The most practical solution is to use automated PERL / PHP scripts to extract transactions as they occur and pull these transactions into your in-house system.

For example, you could run a download scripts every 5 minutes if you are working to tight deadlines - which means that your site data is never more than 5 minutes out of synch with your in-house database.

You end up with two versions of your database - one on your site which your ISP should back up every 24 hours - and one on your internal system which should also be (automatically) backed up at least once every 24 hours.

Important: Despite the convenience, you cannot rely on e-mail systems for high transaction volume levels. At best, e-mail can be used as a backup system for PERL / PHP scripts that periodically extract transactions from your web site database, and/or as a way of letting you know about occasional or non-critical, low transaction rate, events.

The Timeliness of Web Site Data Updates

If you need to react quickly to visitor actions on your web site then you need to give serious consideration to running an in-house web server.

In-house web servers operate in pretty much the same way as shared or dedicated servers - with one major difference - they are able to be quickly accessed as if they were part of your normal in-house network.

This means that the data on your web server can be maintained via the same database as the rest of your in-house systems. Your web site becomes an integral part of your in-house system and data updates can occur in "real" time.

This can be particularly important when web site visitors are interacting with information from:

  • Inventory / Stock Levels
  • Dynamic Price Lists
  • Live Production Schedules

Aside from the cost of hardware and systems software for your web server, the major cost is making sure that your web server is operational 24/7.

Some server technologies are more stable than others - for example there is strong evidence to suggest that Linux/Unix web servers are more stable than servers running Microsoft technology.

However, even the most stable software can stop functioning. If you are considering running an in-house server, issues like a continuous power supply and the need to set up "hot" backup servers need to be factored in to your planning.

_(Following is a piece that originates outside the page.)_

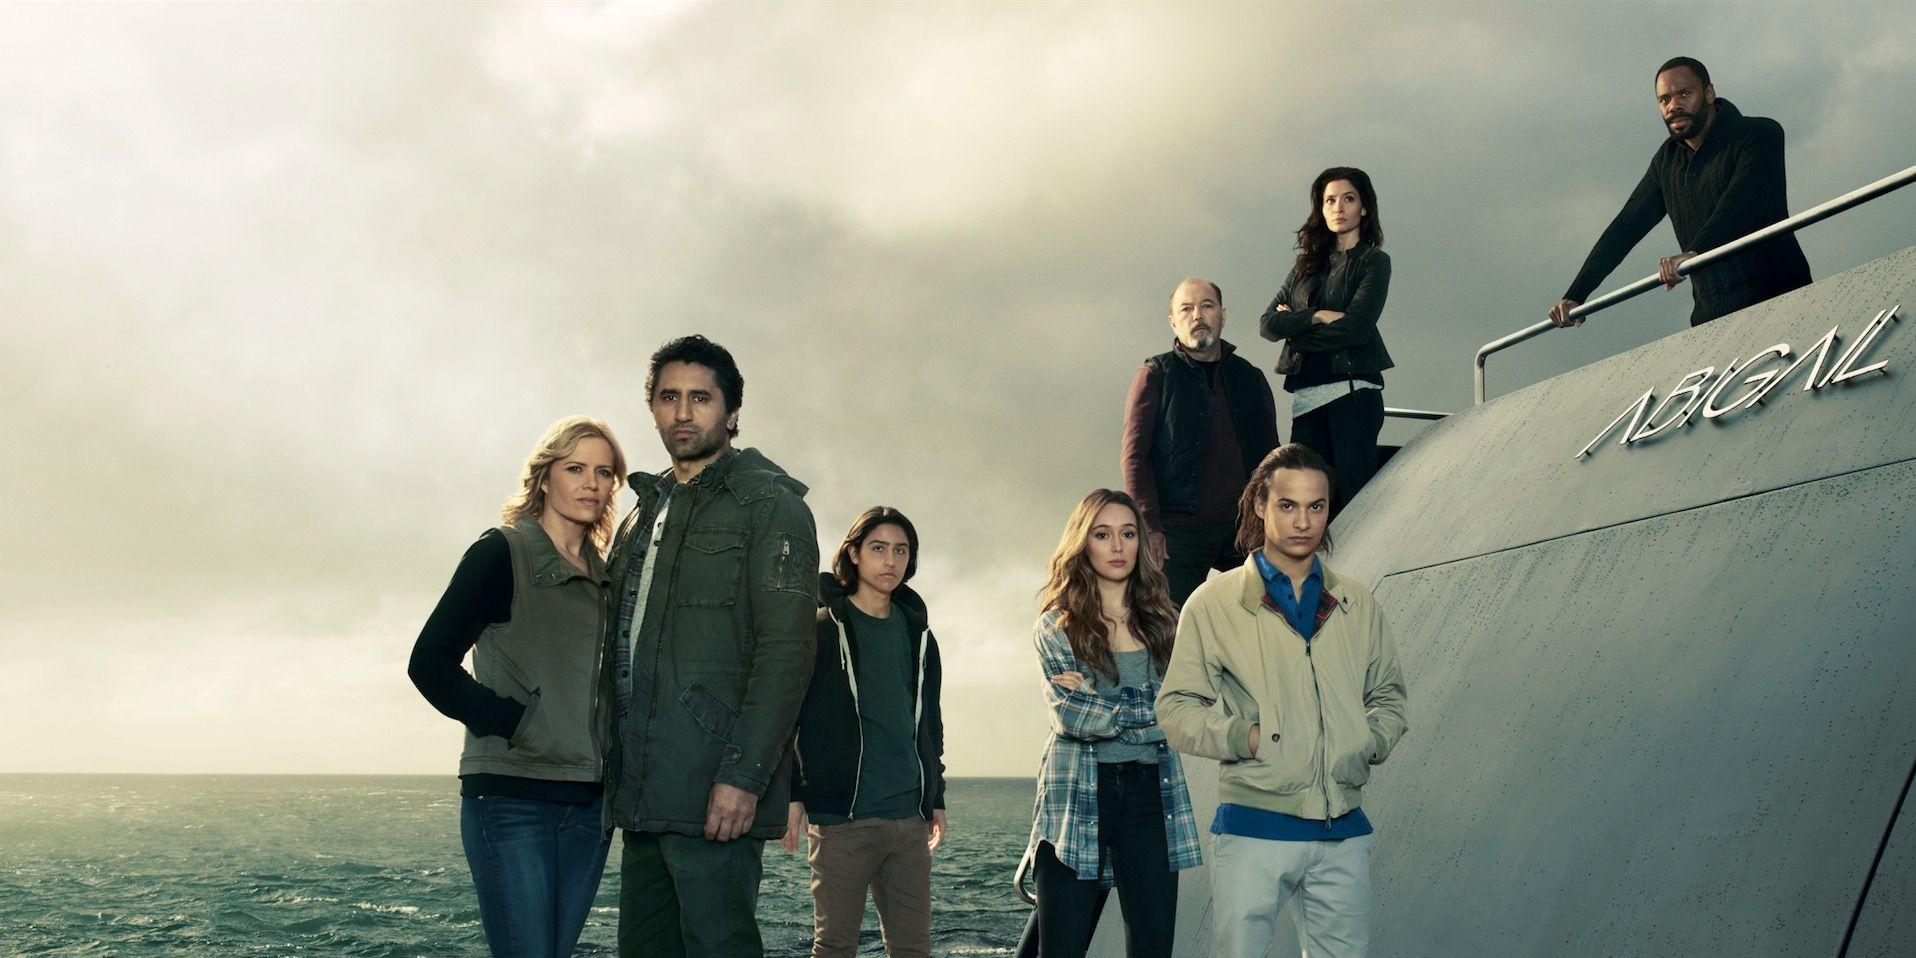 Fear the Walking Dead season 2 cast

This increases the costs of doing business via the web but it can be a more cost effective solution for (usually) larger companies.

Proper system architecture and design can reduce the need to operate an in-house web server.

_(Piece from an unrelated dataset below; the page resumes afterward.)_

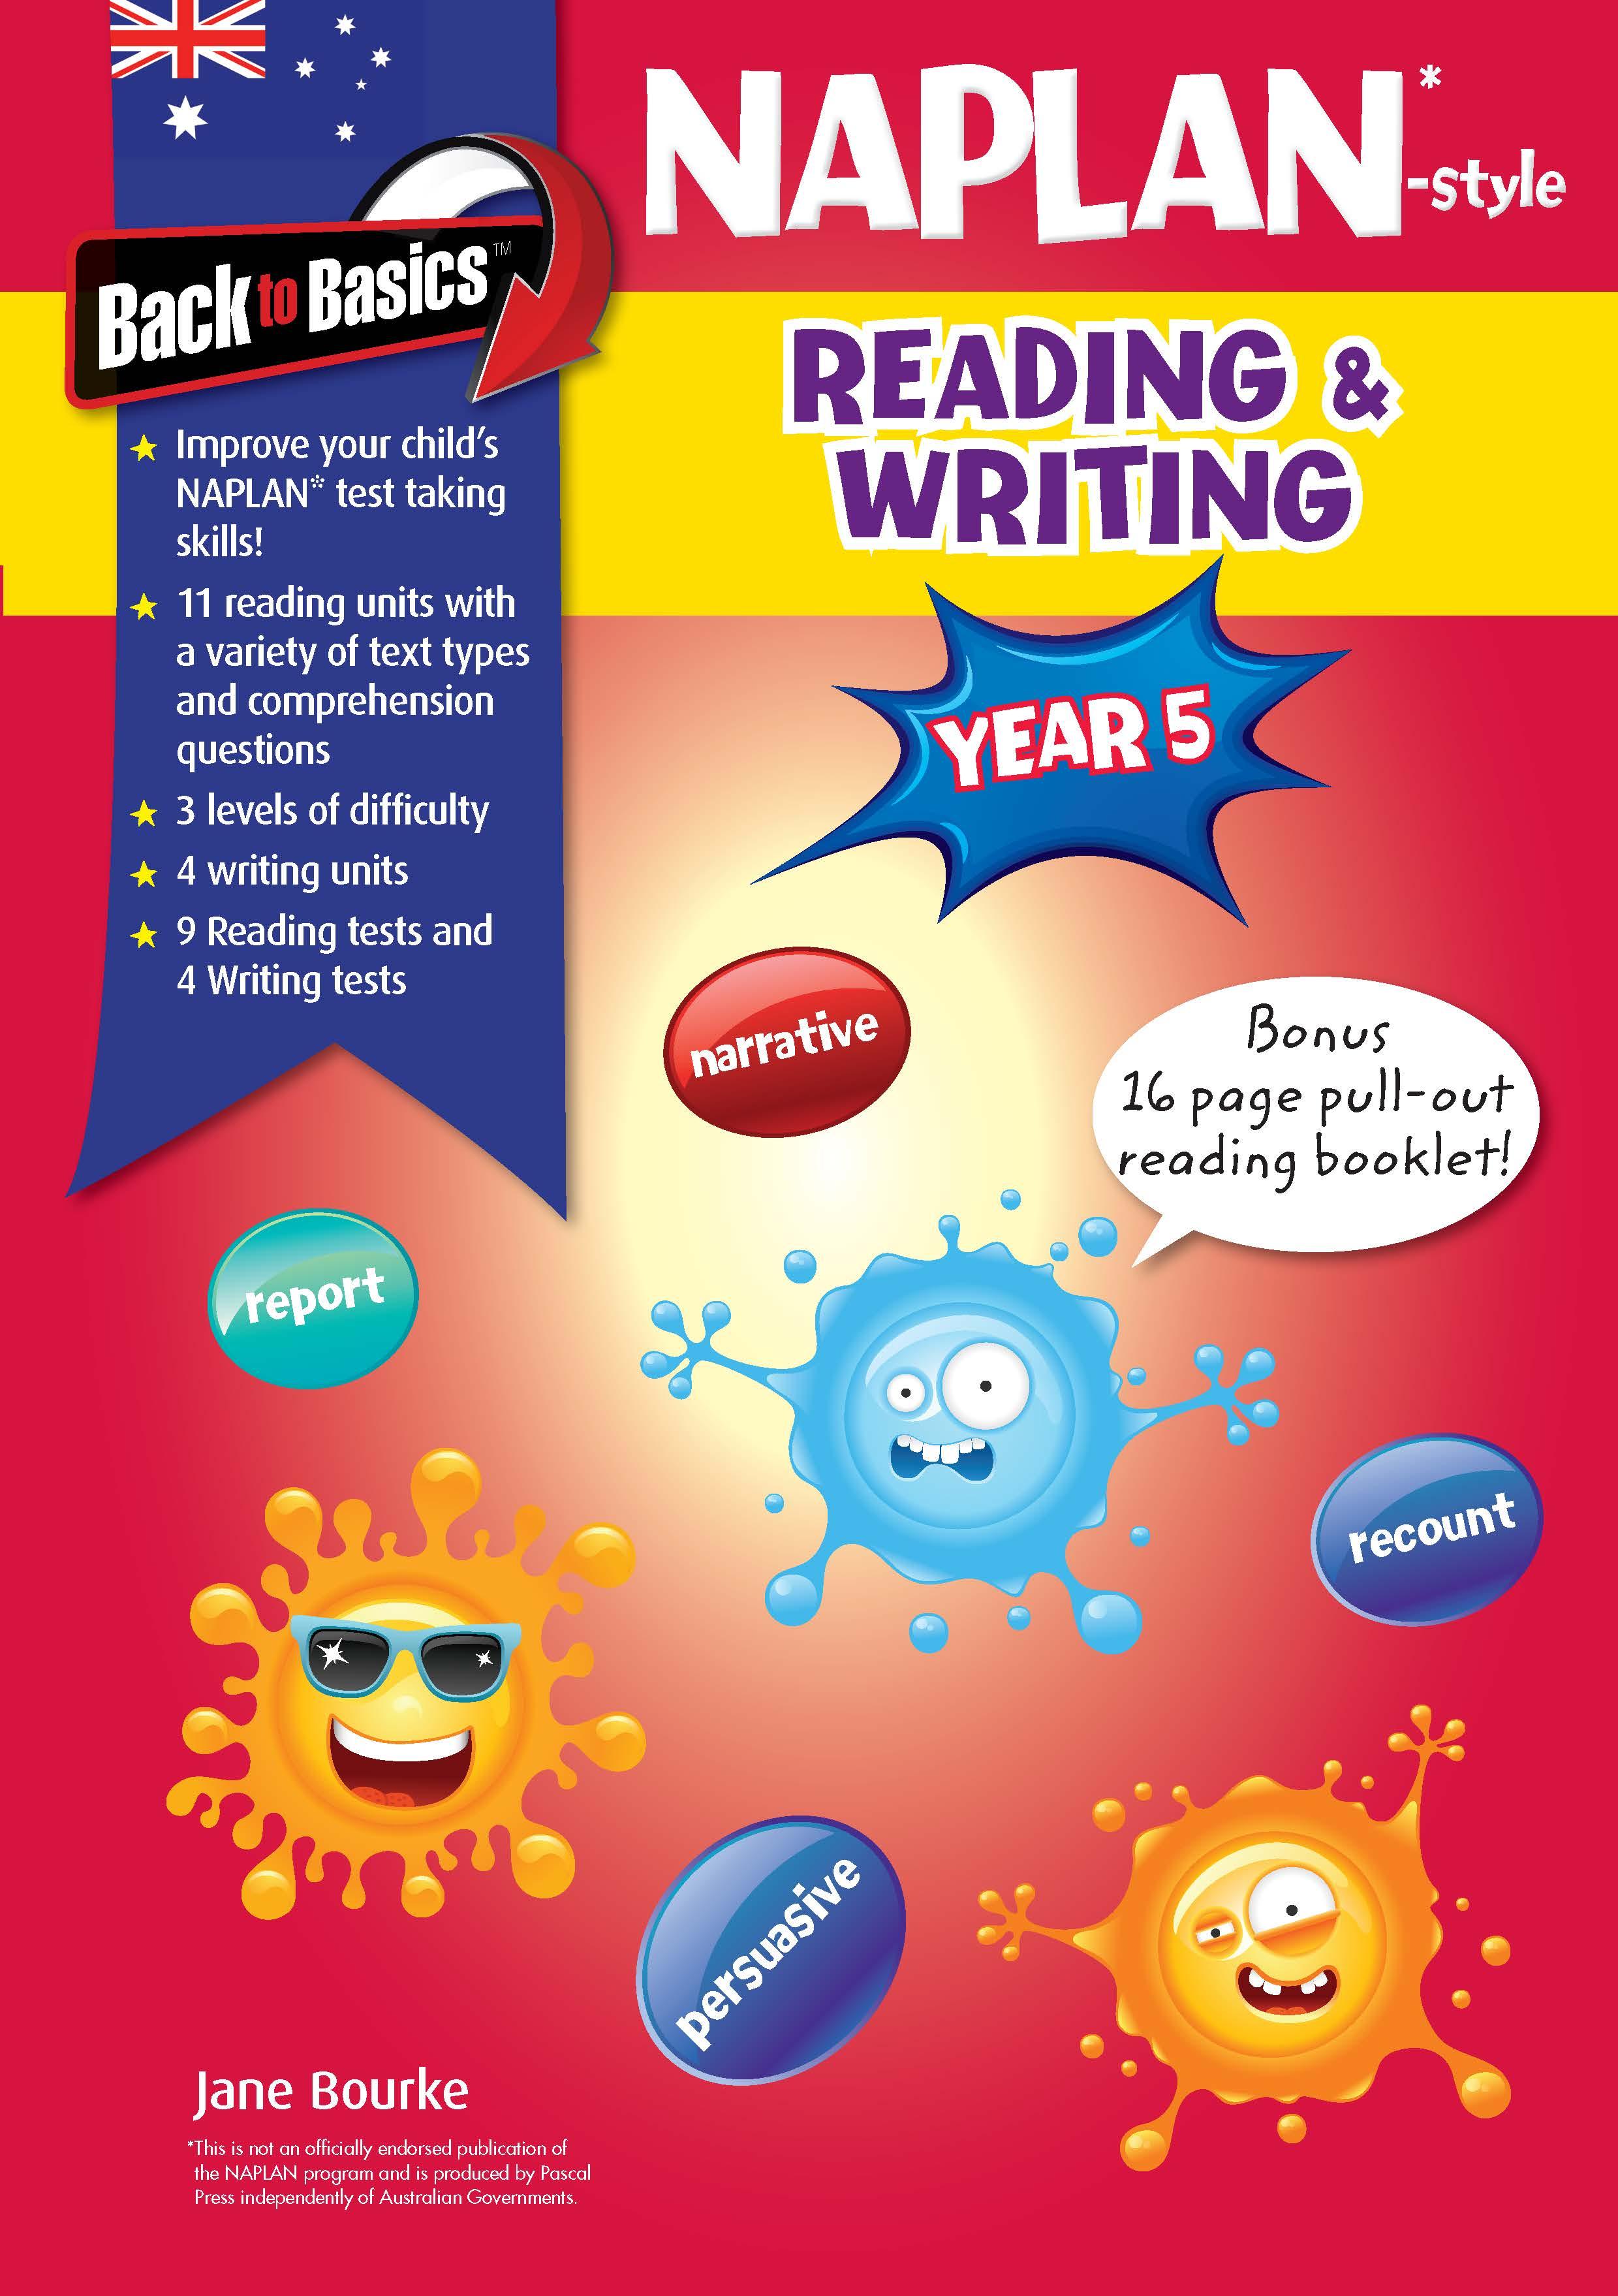 Back to Basics - Year 5 NAPLAN*-style Reading & Writing

  • For example, if the inventory level preparing on your web site needs to be closely monitored, you could use a permanent high speed data line to a web server housed by your ISP.
  • If a leased line is too expensive you might want to consider setting minimum stock levels and automatic re-order levels for your web site inventory based on historical demand trends for each product on your web site.

To summarise, there are many ways to provide a high level of "timeliness" for your web site - the best solution only becomes apparent once you establish criteria for your site. You ignore the issue of timeliness at your own peril - if you underestimate your needs, customers will complain about your service - if you overestimate your needs, you will be spending money you don't have to.

On-site Data Maintenance

In addition you also have the option of maintaining your site directly - i.e. you can build maintenance screens and reporting options into your web site. Security options normally prevent unauthorised access to maintenance and site reporting. 

Data maintenance via on-site tools is feasible for small volumes of data, but is normally not cost-effective once your site traffic grows - especially if you have a slow Internet connection.

  • Your team has to resort to cut and paste (a.k.a. "screen scraping") techniques to move large amounts of data.
  • If you do not have a fast connection to your web site, maintenance can be a very slow process.
  • The cost of developing web-based tools may be far higher than developing a custom in-house system

One valid option is to use PERL/PHP scripts to download large volumes of non-sensitive data and "cut and paste" sensitive relatively low volume data such as credit card numbers etc.

Once traffic grows the only realistic way to maintain your web site data is to set up your own in-house extranet server and access it directly via your internal network.